Run some bytecode that refers to a slot. For example, ALOAD_1 which is a simple bytecode instruction that fetches an object reference from 'slot #1' (that'd be the second slot - the first slot is slot #0), and pushes it onto the stack.

Thus, this java code:

int a = readInt();
int b = readInt();
println(a + b);

might be compiled as:

[START METHOD]
[META: SLOT SIZE: 2]

// int a = readInt(); - 'a' translates to slot 0.
INVOKESTATIC com.foo.KeyboardInput readInt()I;
ISTORE_0

// int b = readInt(); - 'b' translates to slot 1.
INVOKESTATIC com.foo.KeyboardInput readInt()I
ISTORE_1

ILOAD_0 // load int value in slot 0 and push onto stack.
ILOAD_1 // load int value in slot 1 and push onto stack.
IADD    // pop 2 int values, add them, push it back
INVOKESTATIC com.foo.BasicOutput println(I)V

Where println consumes 1 int off the stack.

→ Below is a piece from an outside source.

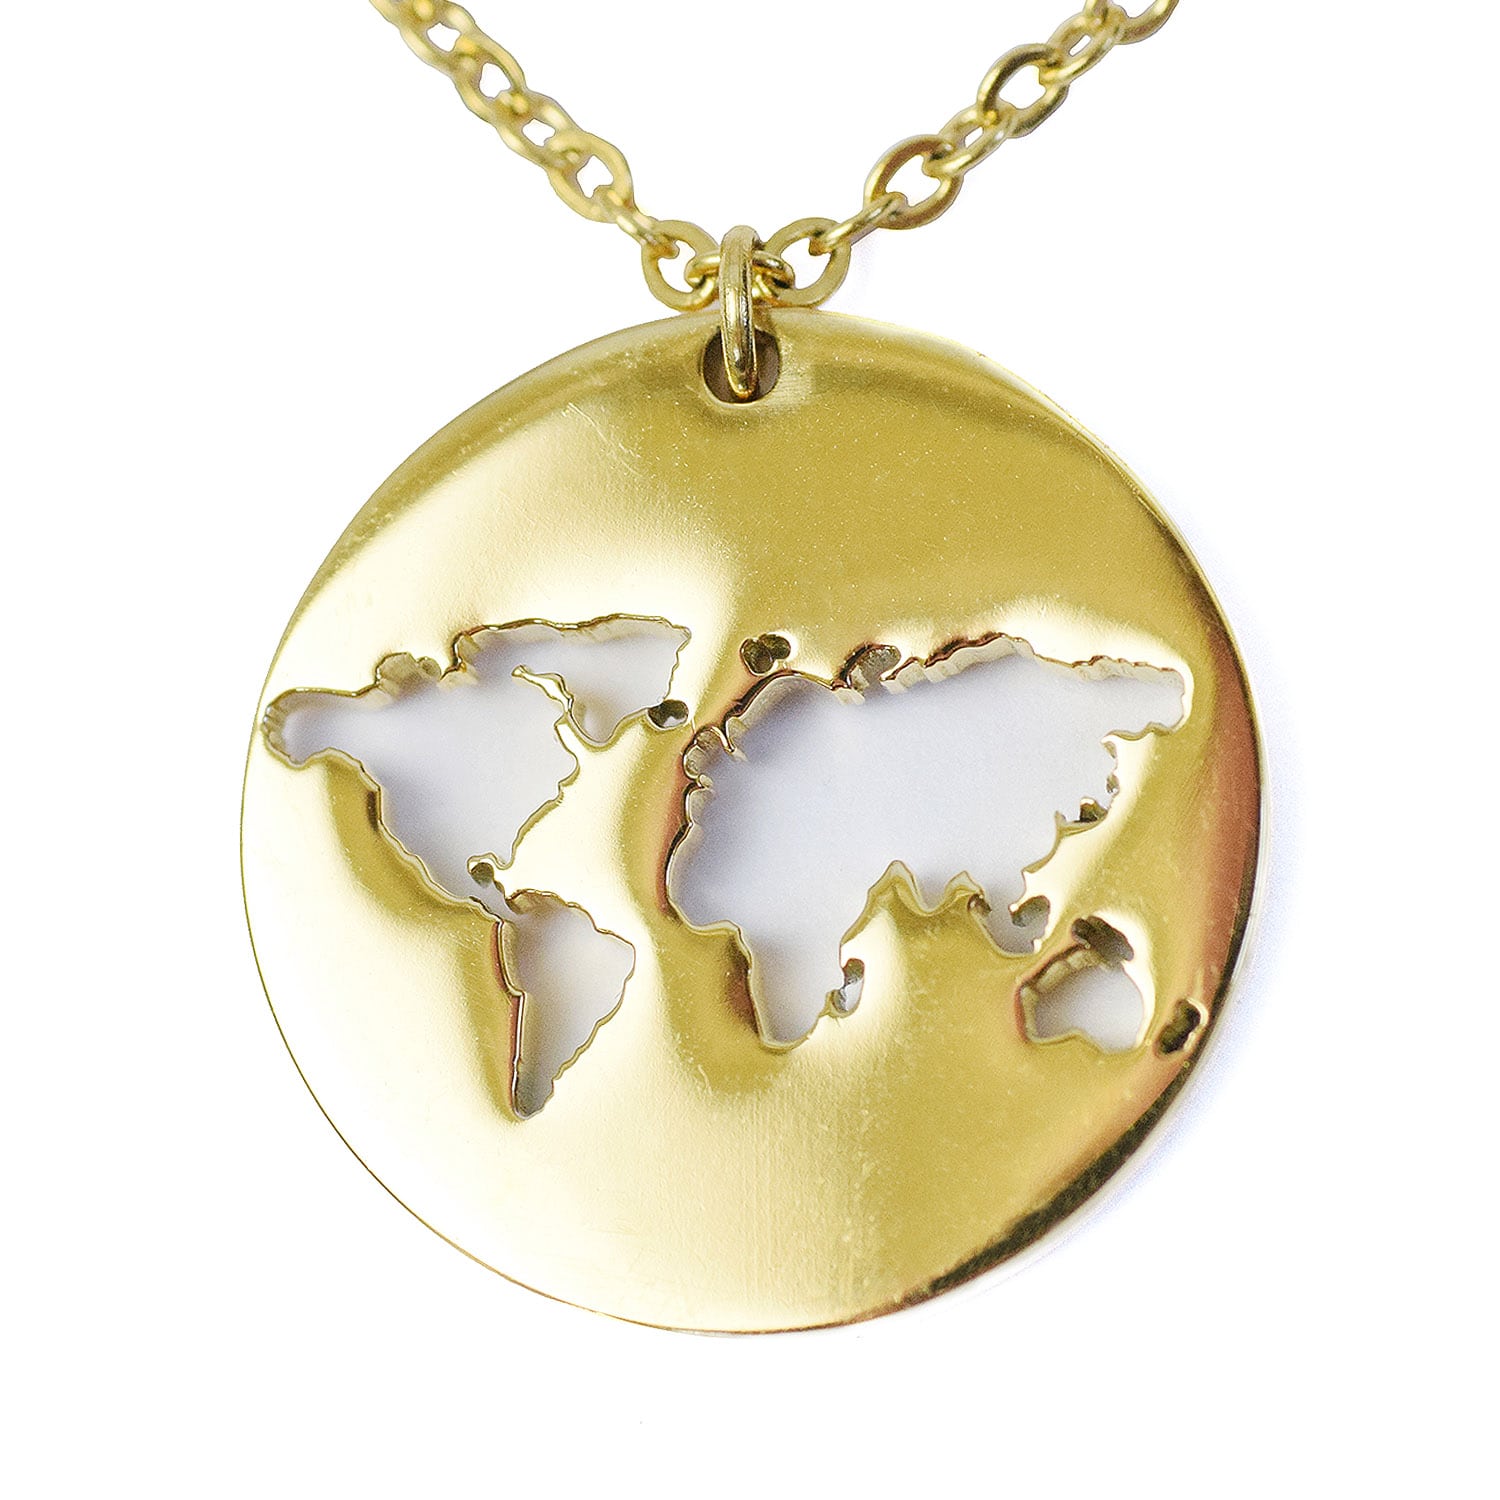 Die Weltkarte Kette gold eignet sich perfekt als Geschenk.

Let's now 'fancy up' our method and introduce another local var:

int a = readInt();
int b = readInt();
int c = a + b;
println(c);

This code is easily identifiable as entirely identical in operation to the first. And if you compile this, it would in fact produce the exact same bytecode. No 'third slot' would appear. Because there's no need - the compiler doesn't translate a local variable 'one-to-one' to a slot. As long as you don't use c anywhere else, javac is perfectly capable of realizing that there is no need to have it exist as a slot.

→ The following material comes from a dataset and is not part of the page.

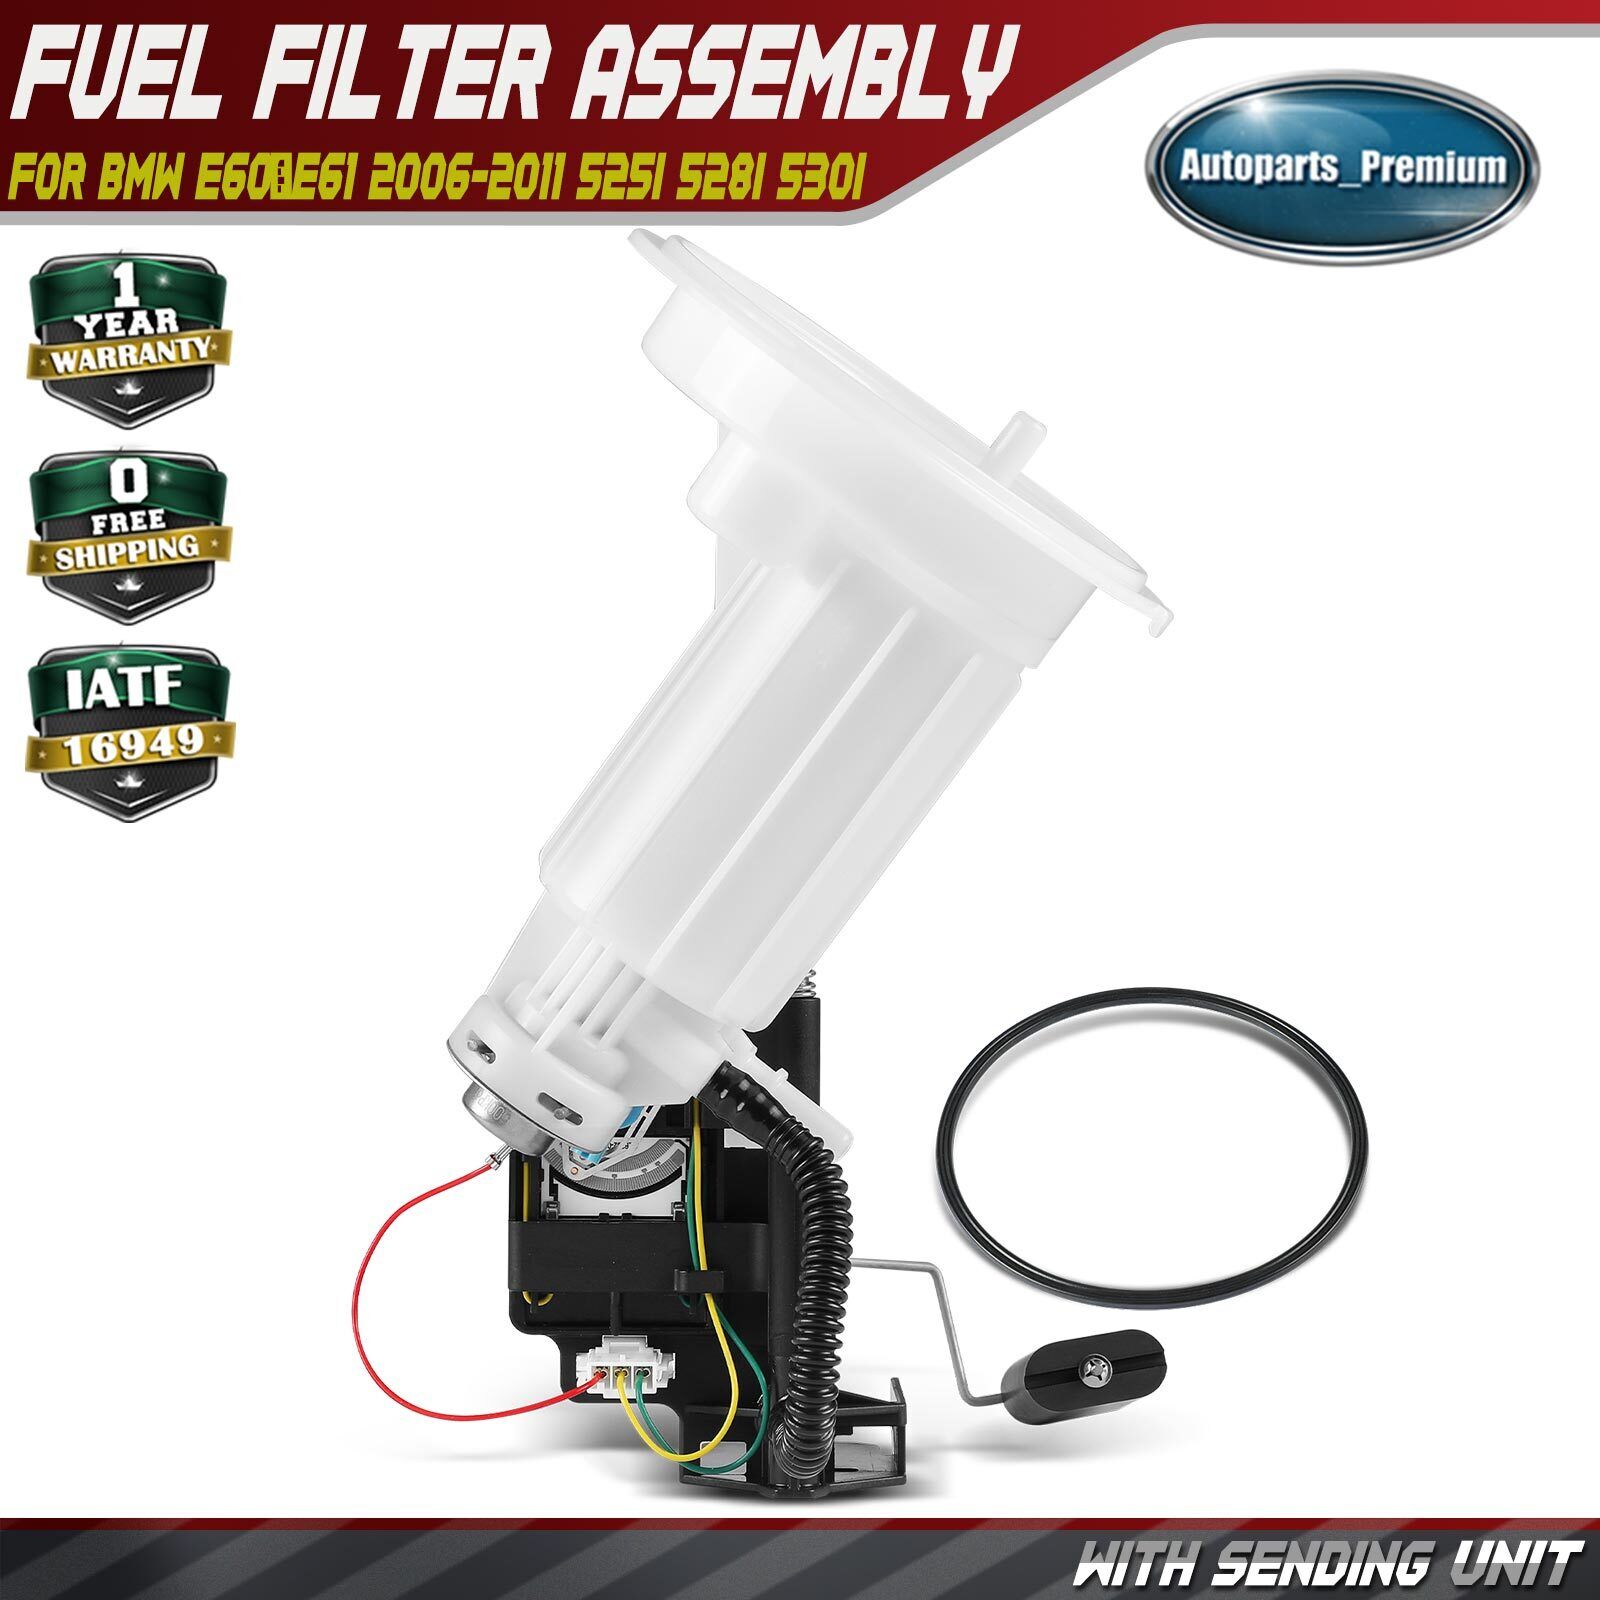 Fuel Filter w/ Sending Unit for BMW E60 E61 2006-2011 525i 528i 530i 16146766152

In fact, if you were to compile the above code, you'd end up with.. no slots whatsoever! After all, if that is the entire method, and a/b/c aren't used anywhere else, the compiler would produce:

[START METHOD]
[META: SLOT SIZE: 2]

// readInt(); - just leave the read value on the stack.
INVOKESTATIC com.foo.KeyboardInput readInt()I;

// read a second value from the stack
INVOKESTATIC com.foo.KeyboardInput readInt()I

IADD    // pop 2 int values, add them, push it back
INVOKESTATIC com.foo.BasicOutput println(I)V

No need for even a single slot.

Similarly then, imagine this method:

void example() {
  int a = ....;
  int b = ....;
  // Tons and tons of math with a and b.
  println(a + b);

  // from here on out, a and b are never used again.

  int c = ....;
  int d = ....;
  // Tons and tons of math with c and d.
  // note that a and b are not used in this code
}

The compiler would only use at most 2 slots. Because 'c' and 'd' just g where 'a' and 'b' used to be. The compiler is perfectly capable of concluding that 'a' and 'b', as they aren't being used any more, can be 'overwritten'.

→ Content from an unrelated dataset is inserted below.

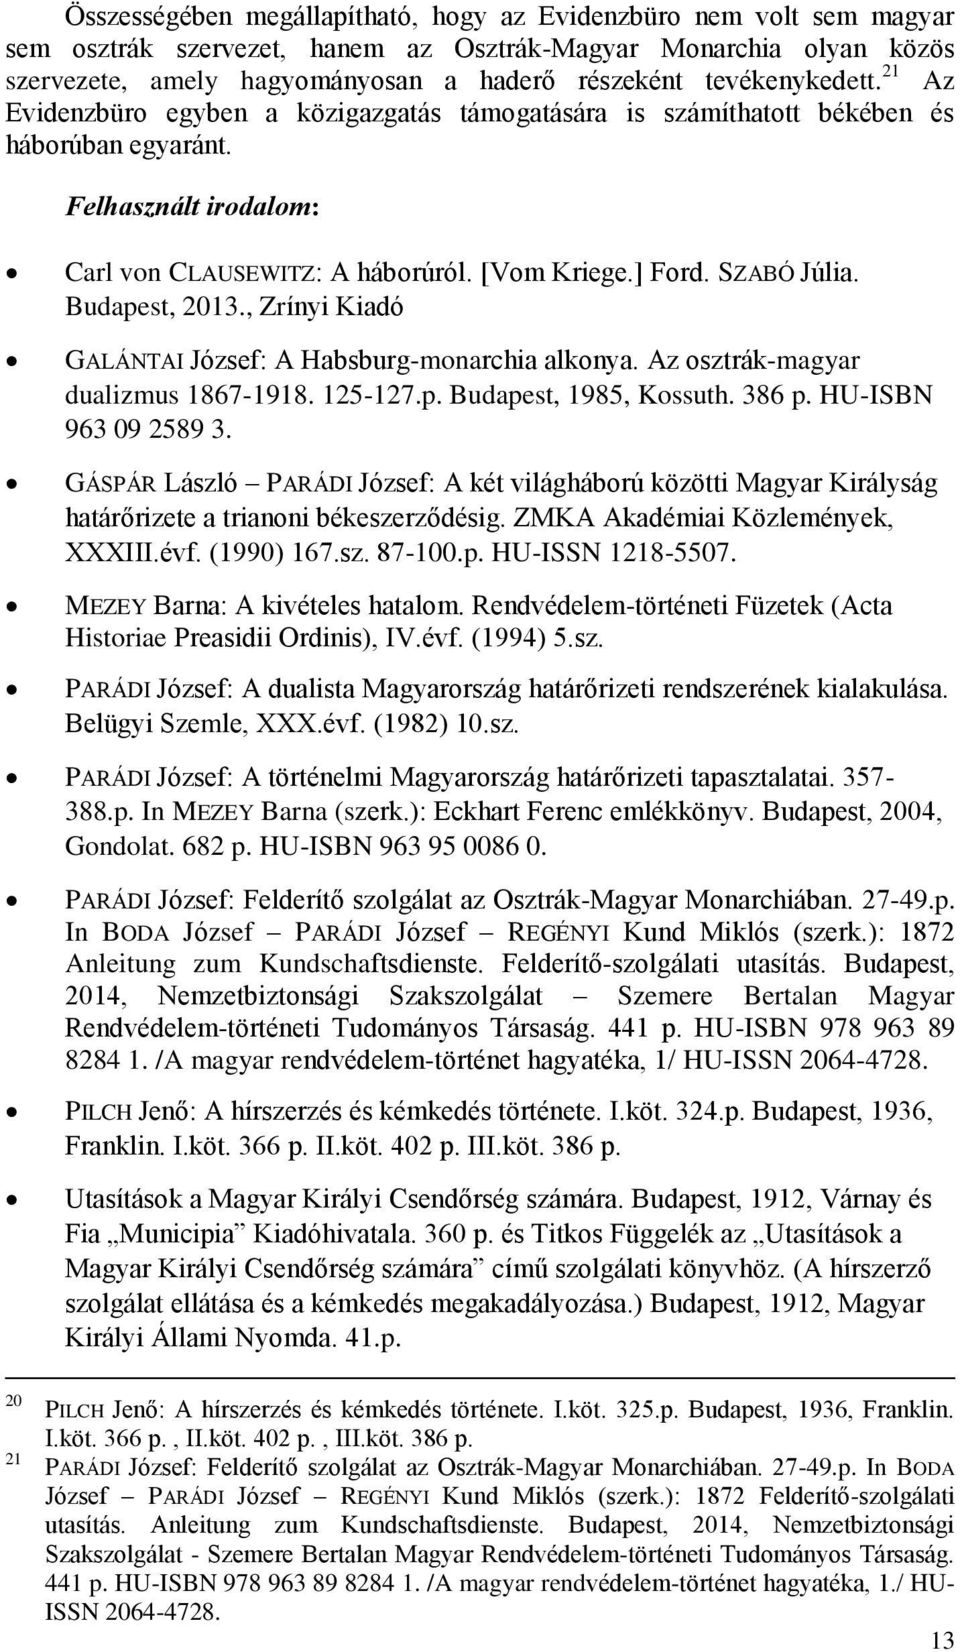 SZABÓ Júlia. Budapest, 2013., Zrínyi Kiadó GALÁNTAI József: A Habsburg-monarchia alkonya. Az osztrák-magyar dualizmus 1867-1918. 125-127.p. Budapest, 1985, Kossuth. 386 p. HU-ISBN 963 09 2589 3.

Hence, there is simply no one-to-one mapping of local variables to slots:

A local variable may not result in a slot at all.
A single slot may serve as the storage place for multiple locals.
A slot may be declared even if no single local variable exists.
A single local variable may end up being used in different slot positions.
Slot 0 is always reserved for the this reference in instance methods.
Names of local variables aren't in class files. There is no need for the class file to know that the variables in our mathy parts are named 'a' and 'b'. This is freeing - name your variables whatever you want. Preferably, something that clearly indicates what they do. There is zero effect on either class file size or how fast it runs if you pick longer names. In contrast to e.g. javascript where it is theoretically possible you'd notice, and JS minimizers love peddling the idea that this doesn't just make things smaller, it also makes things faster. None of that applies to java. Java is always fast.

With all that context, your question has become meaningless: Local variables don't exist in class files, therefore, 'how does the JVM deal with 2 locals with the same name' is trivial.